FOR IMMEDIATE RELEASE
 Chambersburg (11/2) - Judge John Walker, the President Judge of the Franklin/Fulton County Court of Common Pleas, 39th Judicial District, recently issued a ruling that upholds a Township's authority to prohibit corporate involvement in farming; in response to a preliminary legal challenge filed by agribusiness interests. Similar local Ordinances that prohibit the creation of corporate factory farms have been adopted by a dozen Township governments in five different Counties across Pennsylvania.
 
President Judge Walker issued his opinion in the case known as Leese v. Belfast Township, Civ. No. 304-2001-C (2001), in which agribusiness interests filed a lawsuit against the Belfast Township Board of Supervisors in Fulton County, Pennsylvania, seeking to overturn several Ordinances adopted by the Supervisors.

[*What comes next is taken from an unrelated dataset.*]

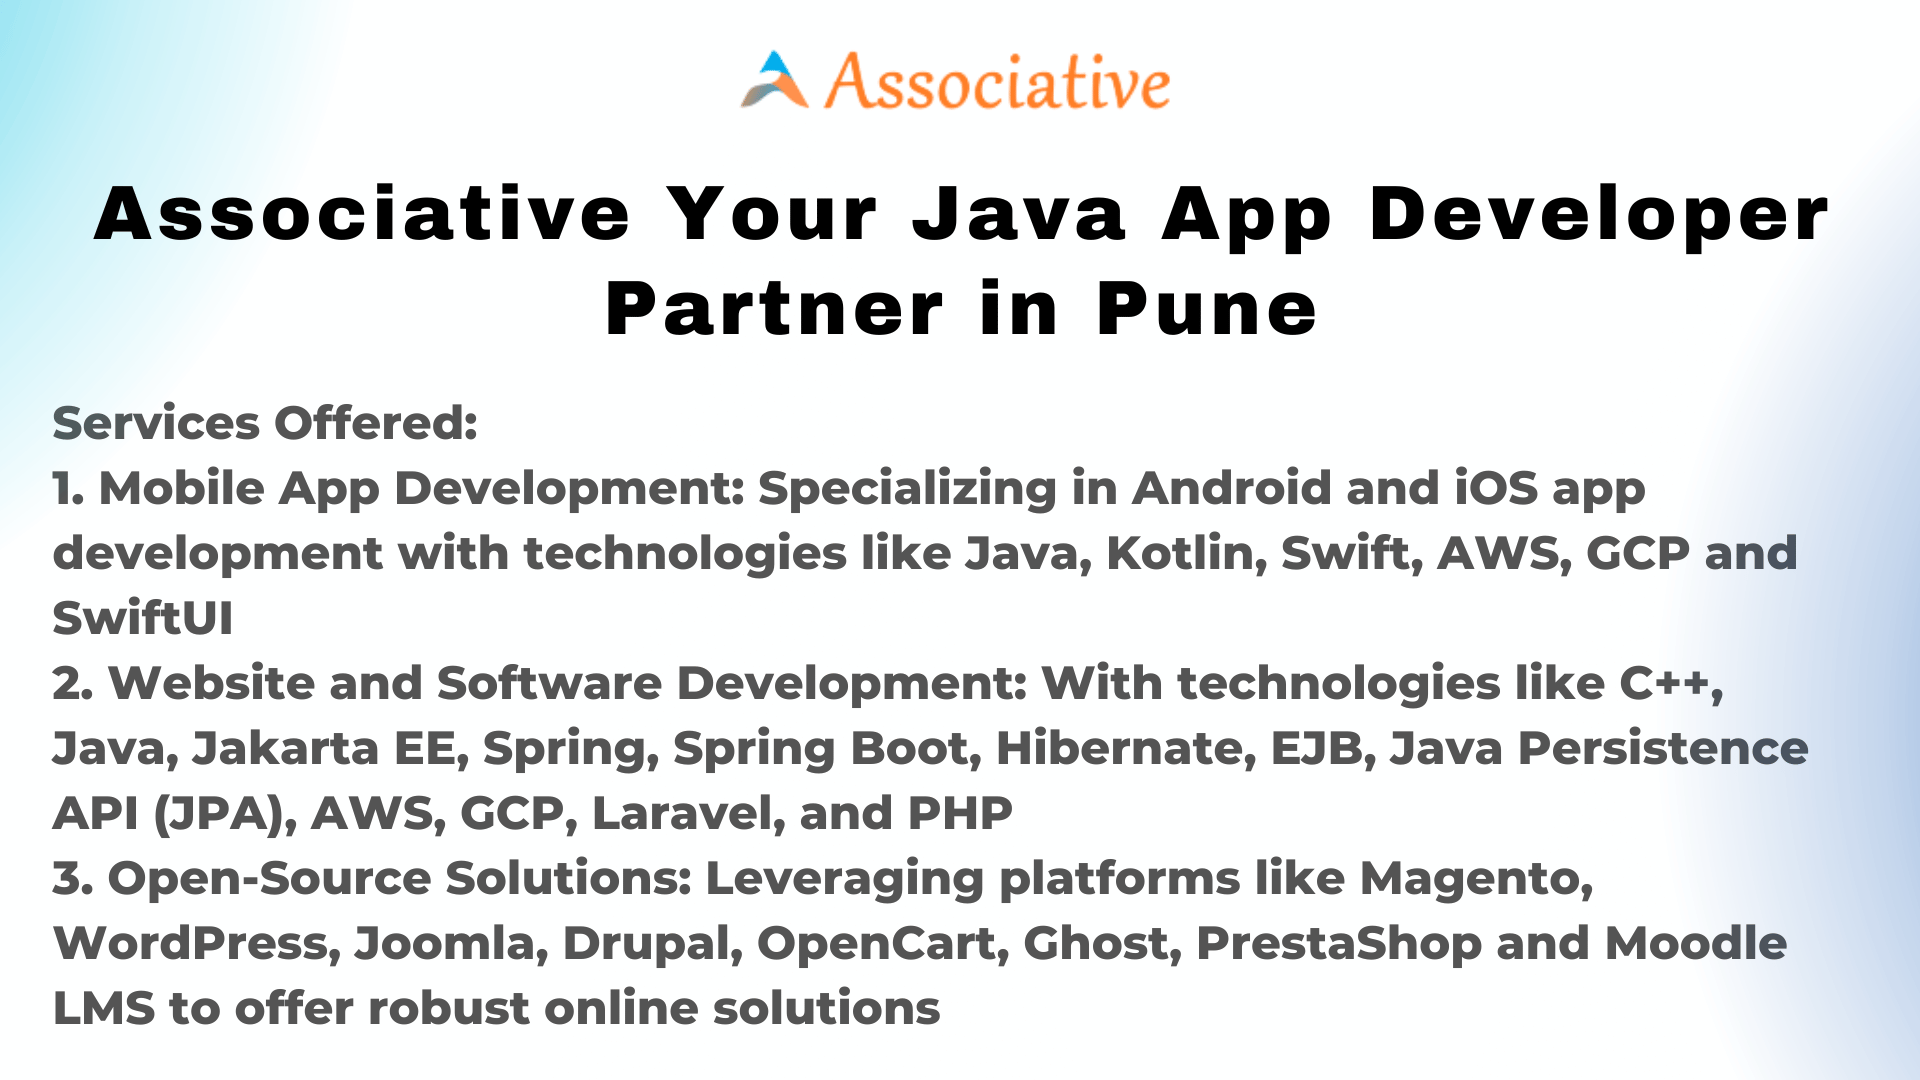 Associative Your Java App Developer Partner in Pune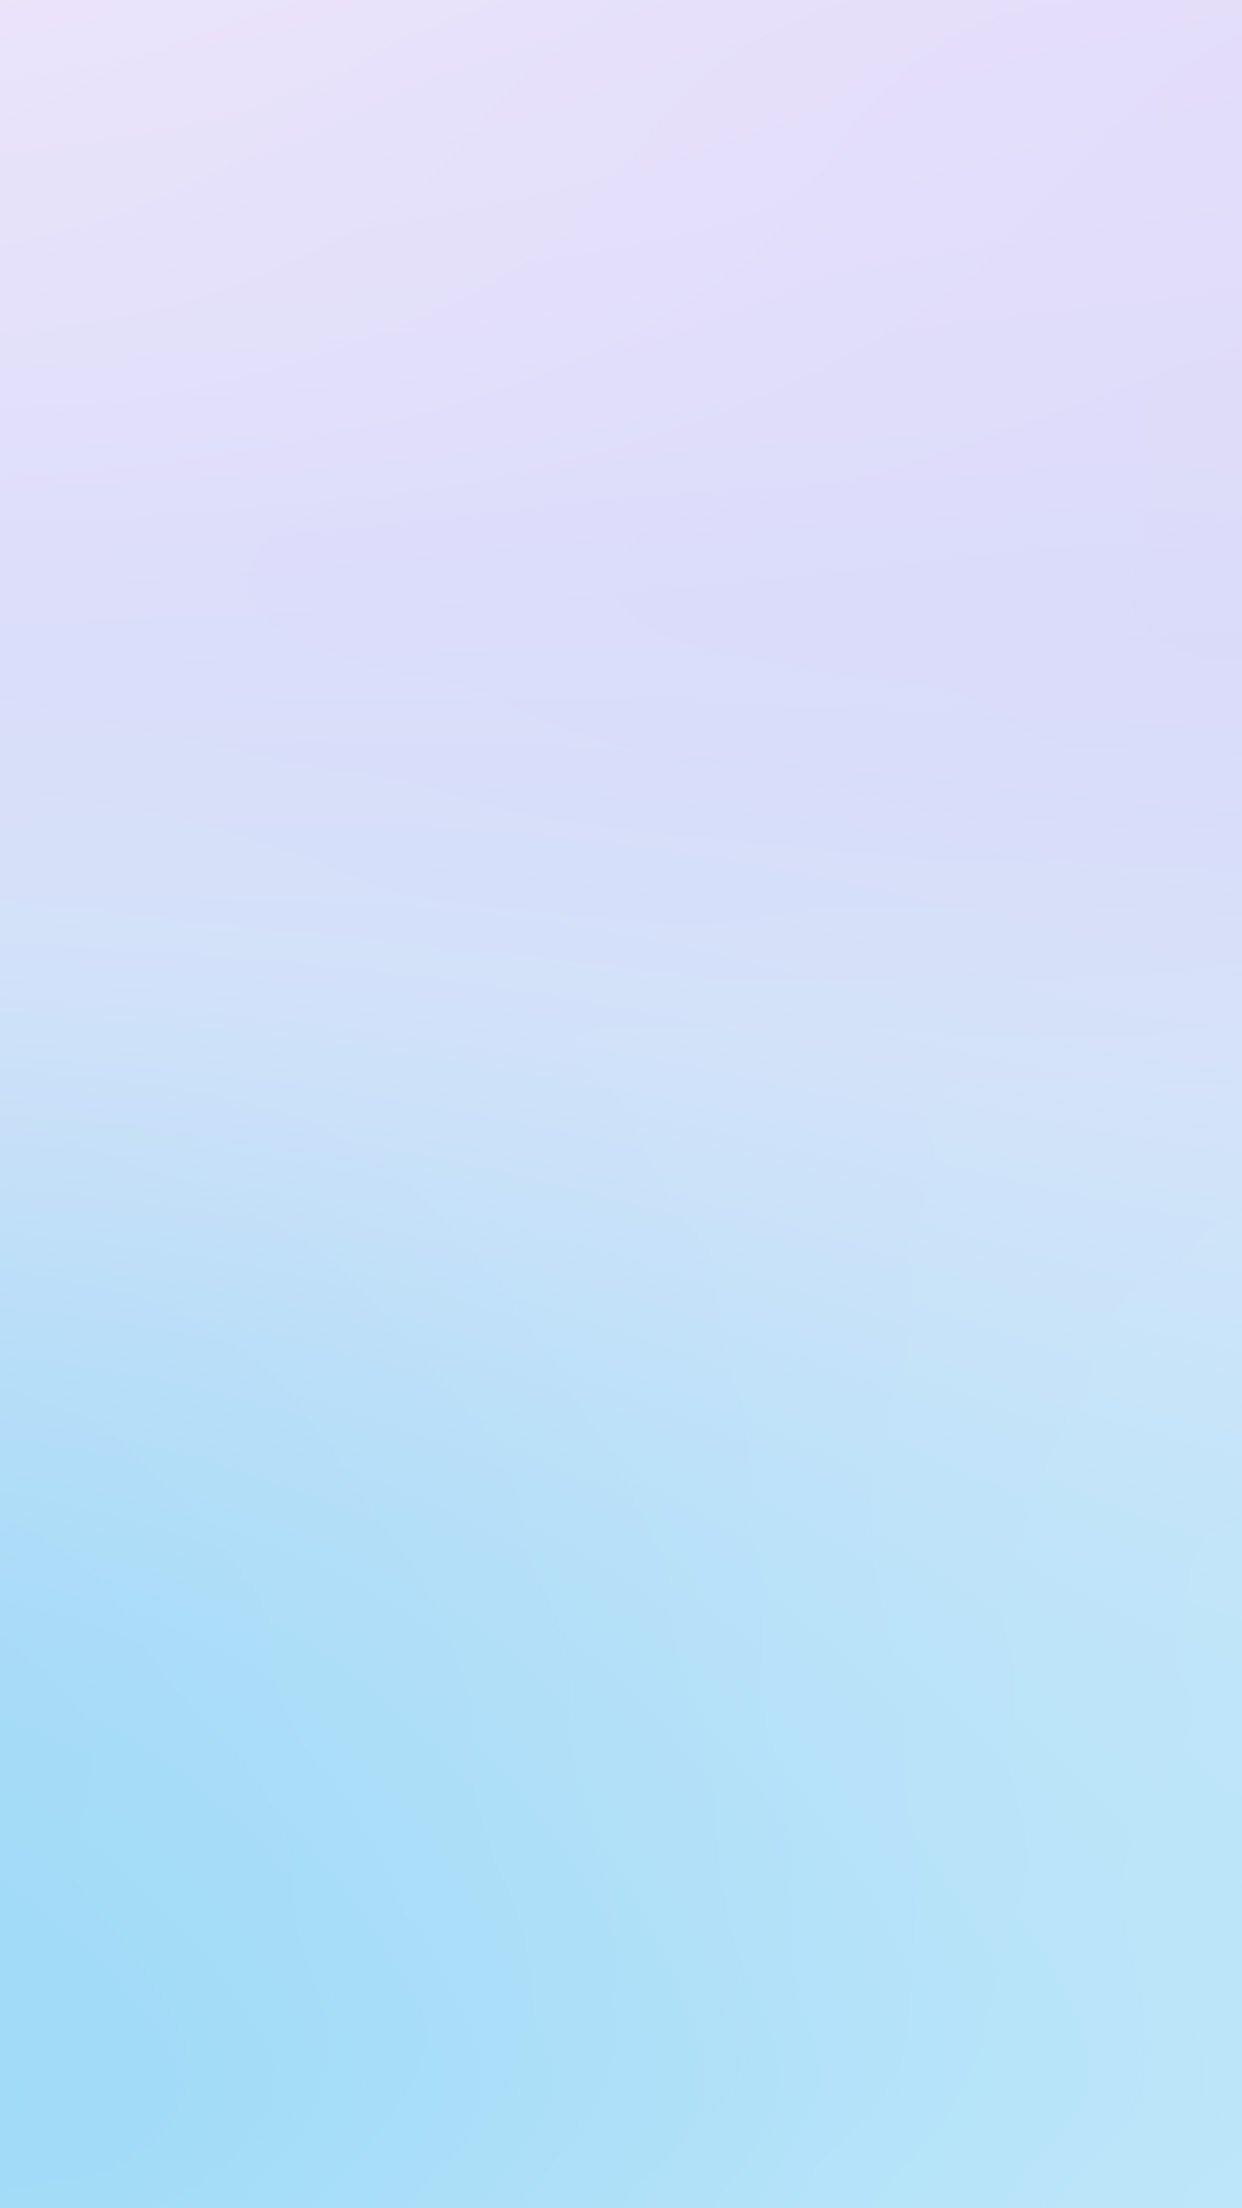 iPhone7 wallpaper. cute blue blur gradation

As part of their challenge, the agribusiness plaintiffs filed a summary judgment motion, asking the Court to rule that the "anti-corporate farming" law and other Ordinances were "void as a matter of law."
 
In support of that request, the agribusiness plaintiffs argued that the Township government lacked the legal authority to adopt the Ordinances, that the State Corporations Code preempted the Ordinances, and that the Commerce Clause of the U.S. Constitution, and provisions in the Pennsylvania Constitution, prohibited the Township from adopting the Ordinances.
 
The County Court of Common Pleas rejected each of those arguments, denying the plaintiffs' motion for summary judgment, and declaring that the "plaintiffs have failed to prove that they are entitled to judgment as a matter of law."
 
As noted by the Court, "during the mid-1990's, people living in and around Belfast Township became concerned" about the economic, cultural, and environmental harms that could be caused by corporate factory farms. Close to half of all of the Township governments in Fulton County responded to those concerns by adopting local Ordinances that ban corporate involvement in farming.
 
As a result of those Ordinances, agribusiness corporations in Pennsylvania used the Courts and the State legislature in attempts to nullify them. The judicial response focused on the Belfast Township case, and the legislative response focused on House Bill 1646, known as the "ACRE" legislation, which now authorizes the State Attorney General to sue Township governments who have "exceeded their authority" under the law by attempting to control corporate farming within their jurisdiction.